> [Task to carry out]:
Please produce a character-exact copy of the listing that follows, omitting all images.

> [Given material]:
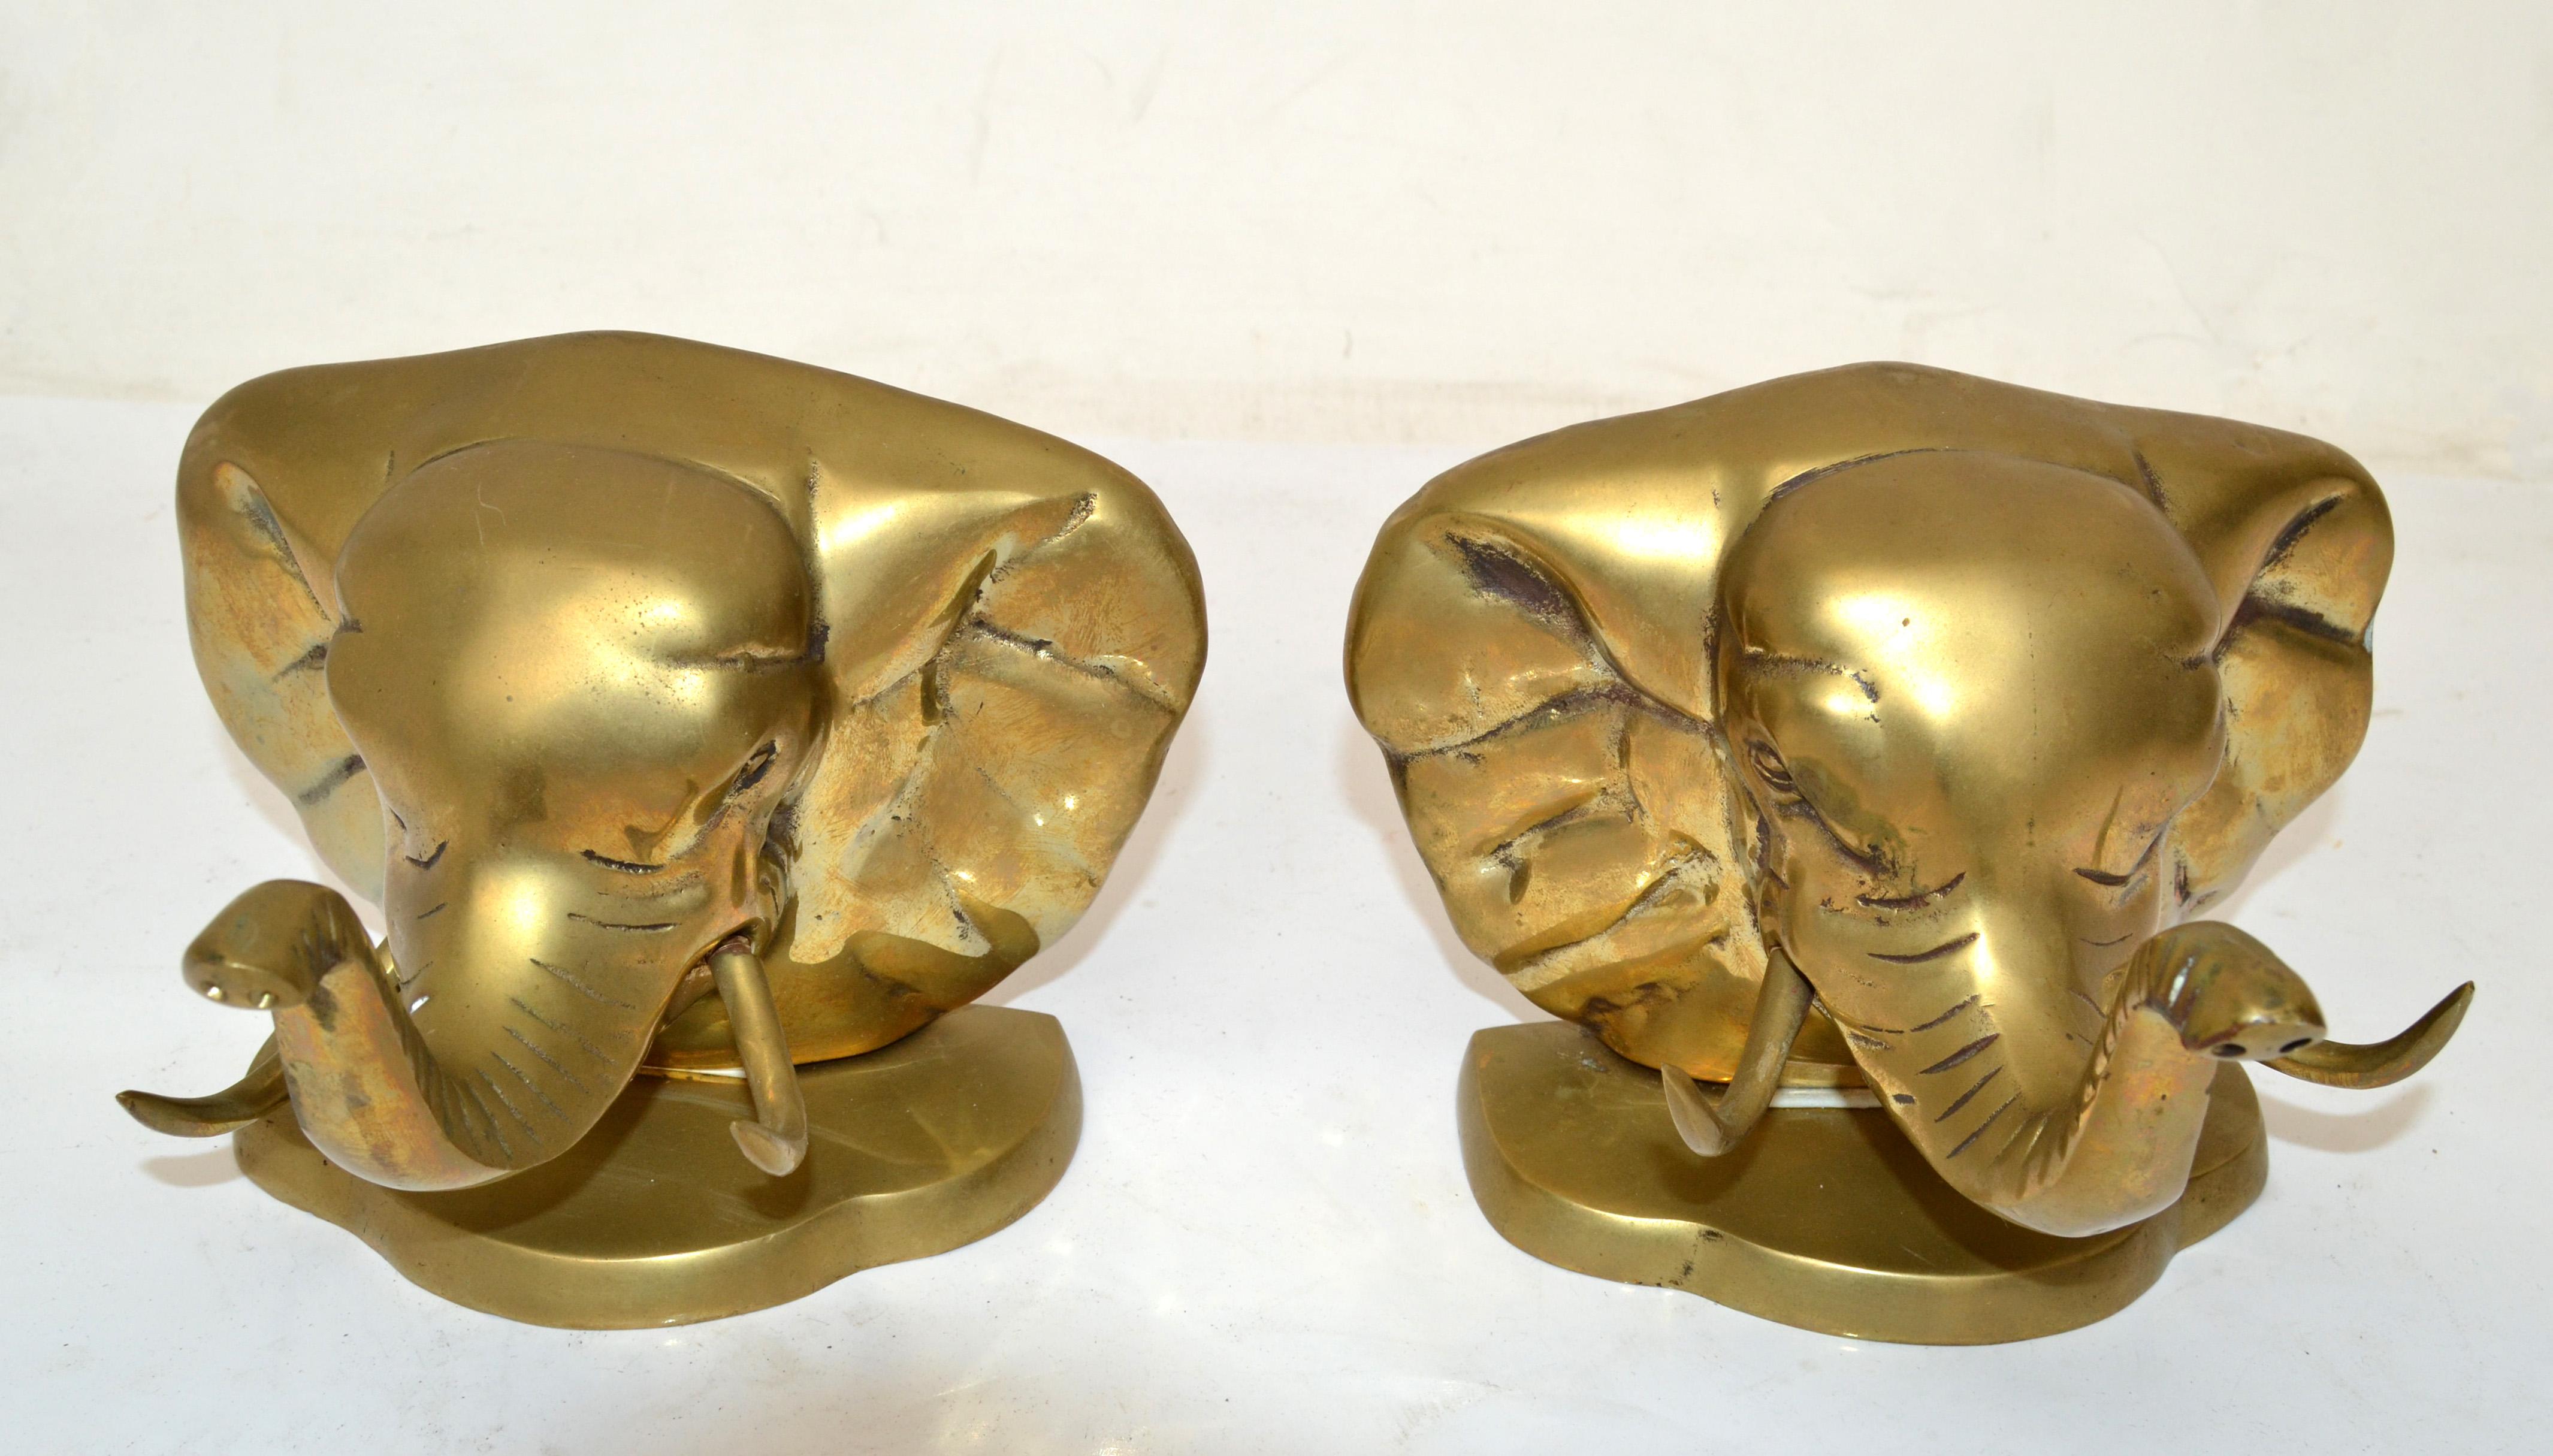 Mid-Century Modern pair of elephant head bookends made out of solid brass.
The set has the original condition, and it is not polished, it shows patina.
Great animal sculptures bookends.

> [Result of this task]:
 Mid-Century Modern pair of elephant head bookends made out of solid brass.
The set has the original condition, and it is not polished, it shows patina.
Great animal sculptures bookends.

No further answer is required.